Горько и не обиходно было ему там после роскошества домашнего и после солнечных зноев италианских, но и в Сибири будучи пять годов в юдоли плачевной, не оставлял своего богодухновенного таланта и писал портреты богатых купцов сибирских и разного начальства, ибо превозмогает талант и юдоль и все горести человеческая, будучи подобен неуемному потоку, который не глядит, что ему стоит поперек пути.

Когда же не стало окаянного душегуба Бирона, и из дальних сибирских мест вернули многих безвинно страдавших людей, возвращен был и Никитин.

Вострепетал художник от радости и полагал теперь не портреты писать, а большие образа по золотому небу, но не довелось: в трудной осенней дороге захворал и отошел в тот мир, где несть печали и воздыханий и неблаговоления человеков.

Да вчинит Господь душу его, многотрудившегося в нетленном художестве, вместе с душами праведников и искусных мастеров.




Когда орда кочевала

I

Плывет солнце к назначенному месту: таково повеление Всевышнего и никто не отменит его.

Лучше всех других знал про это Чанибек и потому скорбел. Сидел безвыходно в своей Ставке — и скорбел. Хадча и Лубердей, советчики его, молча стояли перед ним и, теребя жидкие волосы па подбородках, учтиво ловили его взгляды.

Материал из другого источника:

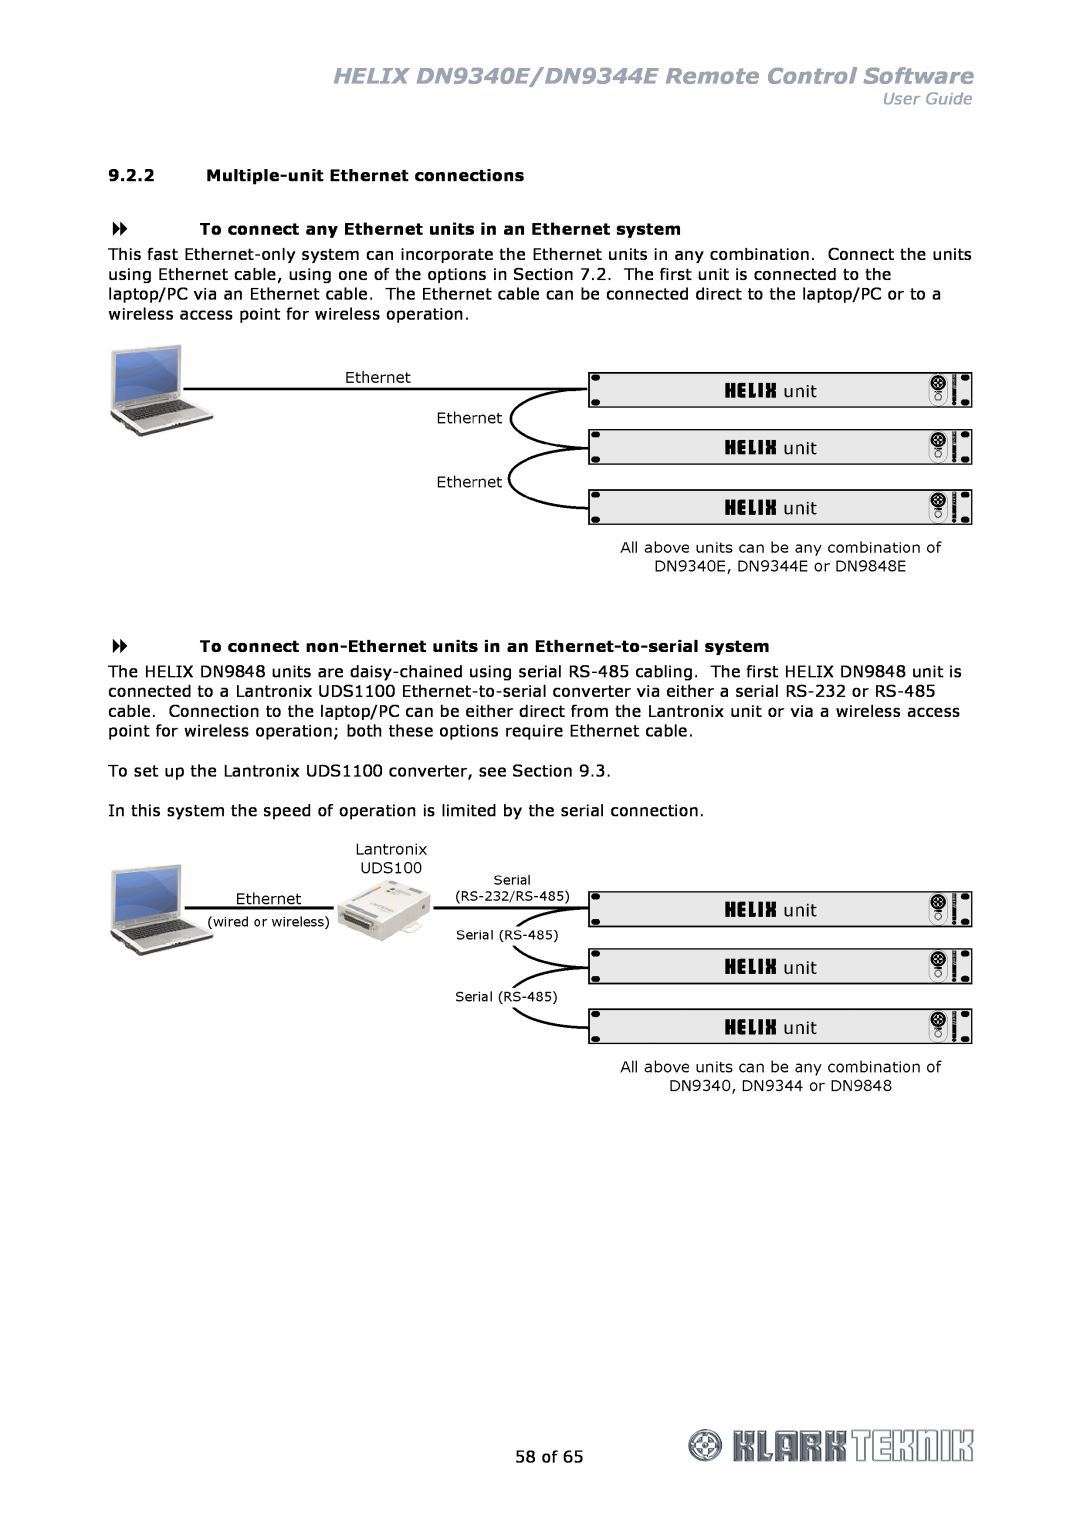 Klark Teknik DN9340E Multiple-unit Ethernet connections, To connect any Ethernet units in an Ethernet system, User Guide

В то время орда кочевала на желтой трости. Лето было мышье. От воды шел дух мокрый и давил грудь. Из разных улусов приходили страшные вести о Черной Смерти. А самое плохое было то, что скрытно волновались богадуры и среди них — кто же? — сын Чанибека, злая муха Бердибек, и Заяицкий хан Хидырь, убей его огненный дракон!

Покачиваясь из стороны в сторону, уныло говорил Чанибек:

— Надо ли мне бояться моего сына, когда ум у него такой же узкий, как и его глаза? Надо ли его бояться?

Лубердей, круглый, как шар, льстиво закивал головой и, как верблюд, быстро сплюнул на пол большой плевок, чтобы показать, каково значение Бердибека.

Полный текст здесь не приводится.